Mr Spaceman From Canada, joined Mar 2001, 2780 posts, RR: 15 Posted (11 years 5 months 5 days 19 hours ago) and read 4630 times:
In the photos below of the TU-154, you can clearly see that the 2 side-mounted engines are angled so that their tailpipes are pointed inward toward the fuselage. Why is this done? Is it for aerodynamic reasons that involve the direction of engine thrust, such as directional stability? Could it be for mechanical reasons?
Also, do any airliners that have only wing mounted engines such as the 747, 777, A320, A340 etc, have their engines mounted on an angle? Or even an L-1011 or DC-10...are their wing mounted engines on an angle?
Mr Spaceman From Canada, joined Mar 2001, 2780 posts, RR: 15 Reply 4, posted (11 years 5 months 5 days 17 hours ago) and read 4452 times:
Hi guys. Thanks for your replies.
>VC-10, like always, you are a great source of info. OK, the inboard engines of a 747 are canted 3 degrees in order to catch the "Bow Wave". I suspect you mean the "front" of the engines are angled inward because a bow wave sounds like a wave of airflow which would be flowing rearward off the nose. Could I be correct? And if so...are the inboard engines set up differently than the outboard ones, because of this bow wave?

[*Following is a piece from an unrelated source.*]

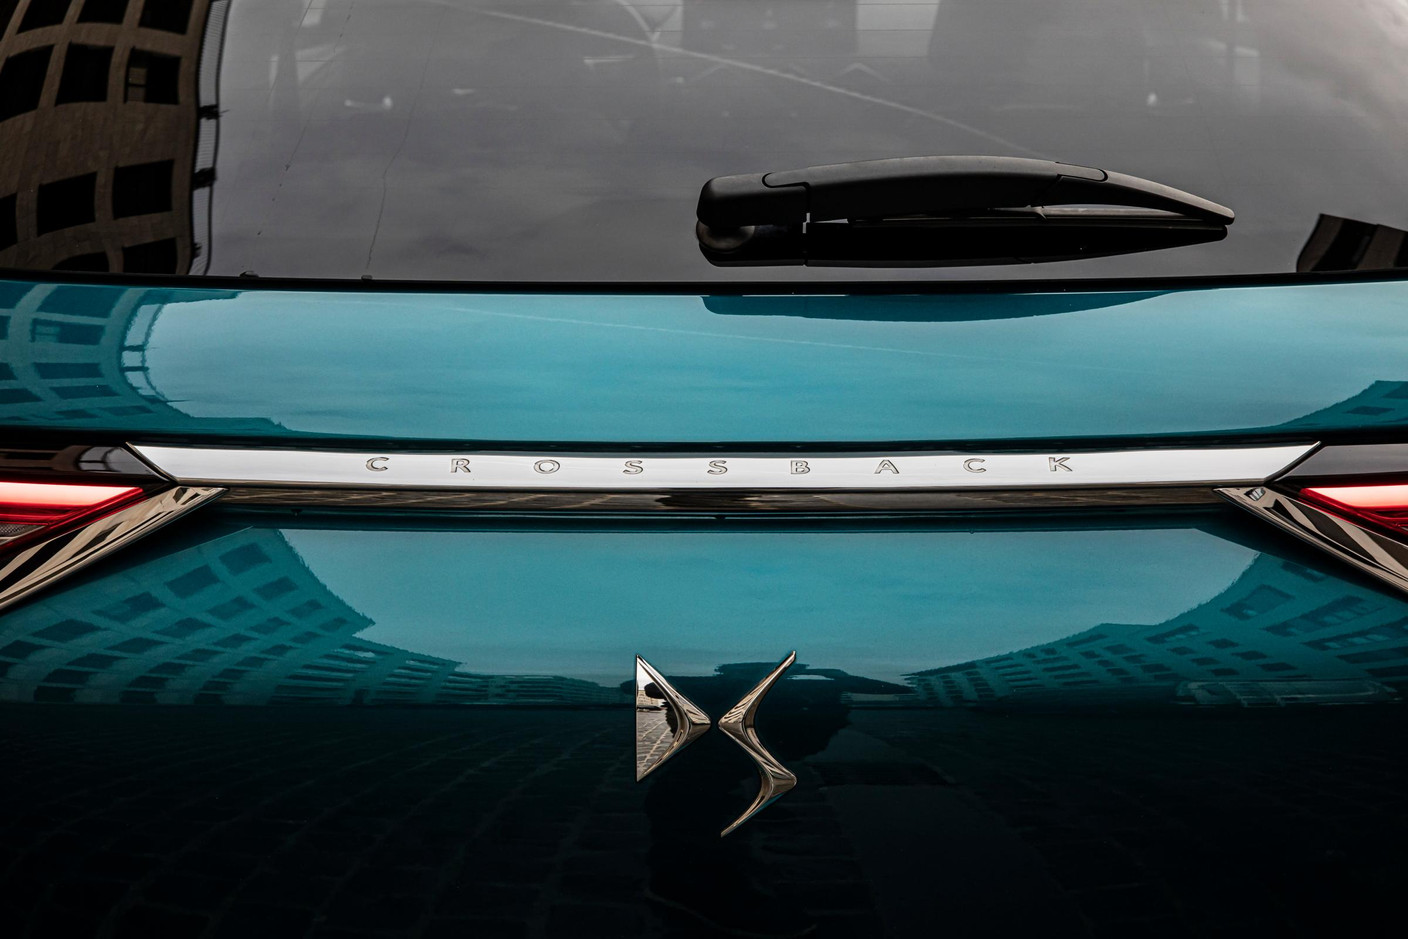 Ce petit DS 3 Crossback est plutôt réussi si on aime les voitures dont le design, tant extérieur qu’intérieur, a de la personnalité.  (Photo: Jan Hanrion / Maison Moderne)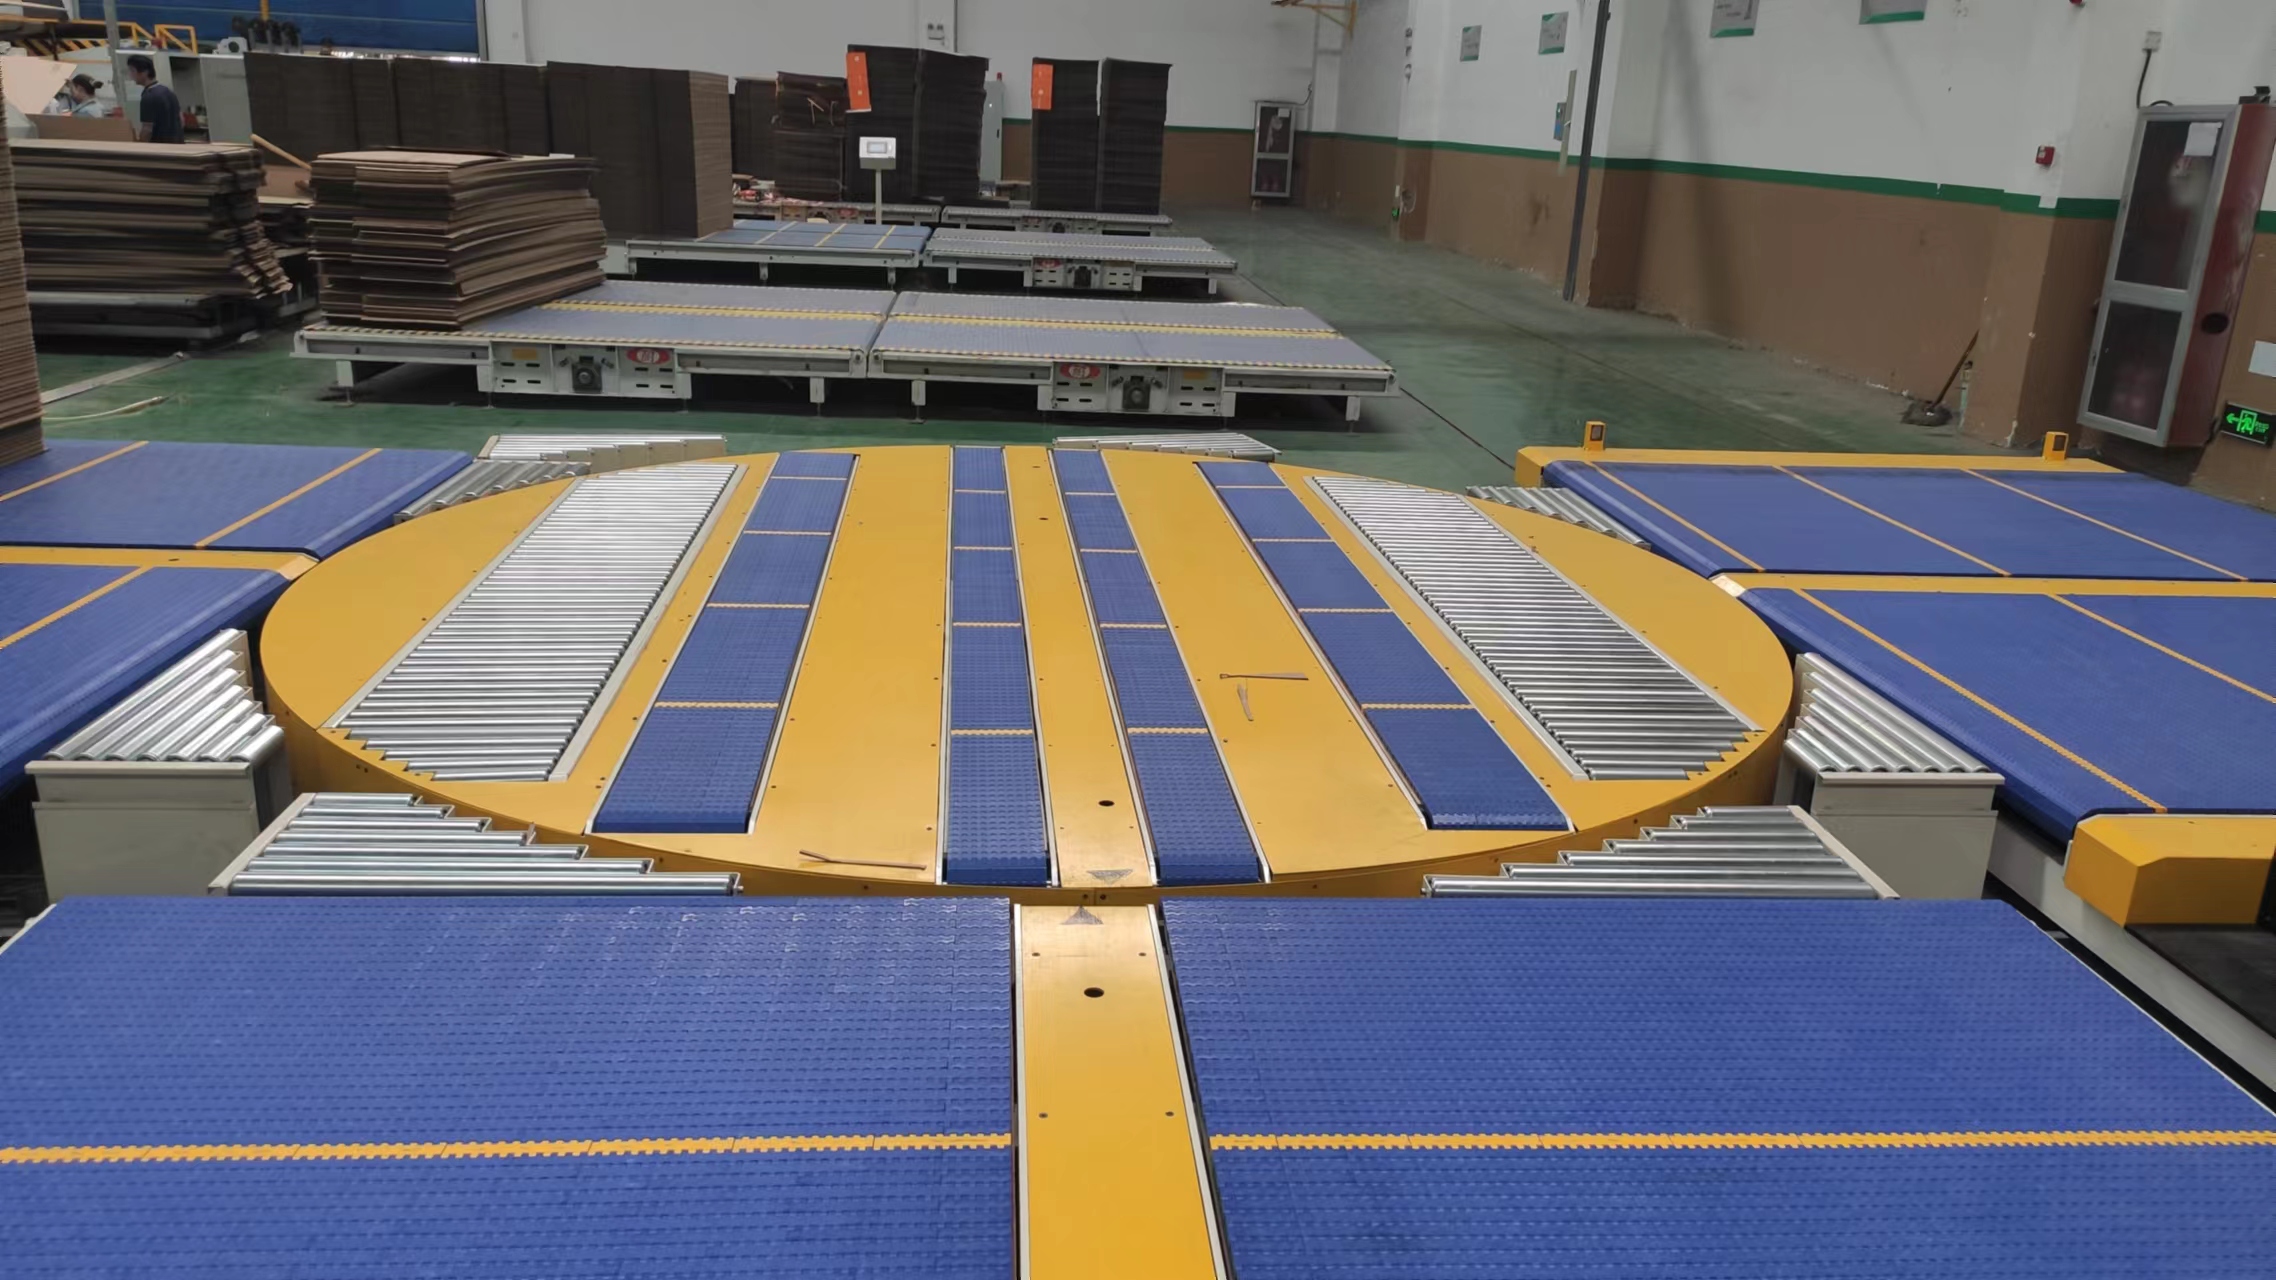 2021 Latest Design Idler Roller Conveyor - Auto Modular Conveyor System Plastics Conveyor Cardboard Conveyor System – GOJON

Here's a cool pix showing a 747's profile from below. You can almost see the 3 degress...I think.
>Mandargb, I believe you are "right on the money" regarding your observations of the horizontal angle of the engines on MD-80's It looks to me like the front of the engines are angled upward a few degrees.
Here's some photos that clearly show the different angle between the fuselage and the engines.
Goldenshield From United States of America, joined Jan 2001, 5438 posts, RR: 12 Reply 6, posted (11 years 5 months 5 days 12 hours ago) and read 4388 times:
I have read this somewhere else, but the reason why the the engines on the 727, and Dc-9 series are angled upwards is so that the intake does not get the spoiled air off the wings, when at a relatively high AoA.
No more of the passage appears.